THE TASK:
When the line containing "Stefanie Schneider Portrait" is found in the data below, copy it and each line after it through the line containing "SAVE THE DATE: EOSAM", exactly and with no others.

======== PROVIDED RECORDS ========

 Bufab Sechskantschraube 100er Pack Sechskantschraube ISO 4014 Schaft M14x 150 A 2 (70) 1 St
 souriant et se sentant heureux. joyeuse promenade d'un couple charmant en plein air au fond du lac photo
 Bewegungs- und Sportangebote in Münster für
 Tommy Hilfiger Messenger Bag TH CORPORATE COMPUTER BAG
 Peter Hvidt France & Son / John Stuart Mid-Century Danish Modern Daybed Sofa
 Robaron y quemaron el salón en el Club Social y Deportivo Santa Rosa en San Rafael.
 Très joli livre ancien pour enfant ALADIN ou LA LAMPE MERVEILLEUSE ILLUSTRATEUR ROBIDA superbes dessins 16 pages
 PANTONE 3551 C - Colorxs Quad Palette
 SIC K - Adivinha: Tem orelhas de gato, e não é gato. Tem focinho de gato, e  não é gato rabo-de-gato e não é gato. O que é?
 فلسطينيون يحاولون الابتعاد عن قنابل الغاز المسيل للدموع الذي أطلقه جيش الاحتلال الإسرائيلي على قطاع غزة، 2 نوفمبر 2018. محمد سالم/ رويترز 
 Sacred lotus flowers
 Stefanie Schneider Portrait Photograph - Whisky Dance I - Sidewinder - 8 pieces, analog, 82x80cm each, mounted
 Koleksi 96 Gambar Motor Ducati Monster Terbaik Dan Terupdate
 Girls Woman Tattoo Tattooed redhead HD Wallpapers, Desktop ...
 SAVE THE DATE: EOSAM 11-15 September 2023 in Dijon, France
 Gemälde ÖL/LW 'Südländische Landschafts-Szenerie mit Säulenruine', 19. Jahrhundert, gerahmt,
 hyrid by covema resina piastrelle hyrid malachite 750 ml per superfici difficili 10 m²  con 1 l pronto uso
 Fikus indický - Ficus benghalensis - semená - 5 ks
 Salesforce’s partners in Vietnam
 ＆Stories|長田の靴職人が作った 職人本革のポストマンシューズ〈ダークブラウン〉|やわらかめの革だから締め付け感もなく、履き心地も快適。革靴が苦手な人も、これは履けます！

========

TASK SOLUTION:
 Stefanie Schneider Portrait Photograph - Whisky Dance I - Sidewinder - 8 pieces, analog, 82x80cm each, mounted
 Koleksi 96 Gambar Motor Ducati Monster Terbaik Dan Terupdate
 Girls Woman Tattoo Tattooed redhead HD Wallpapers, Desktop ...
 SAVE THE DATE: EOSAM 11-15 September 2023 in Dijon, France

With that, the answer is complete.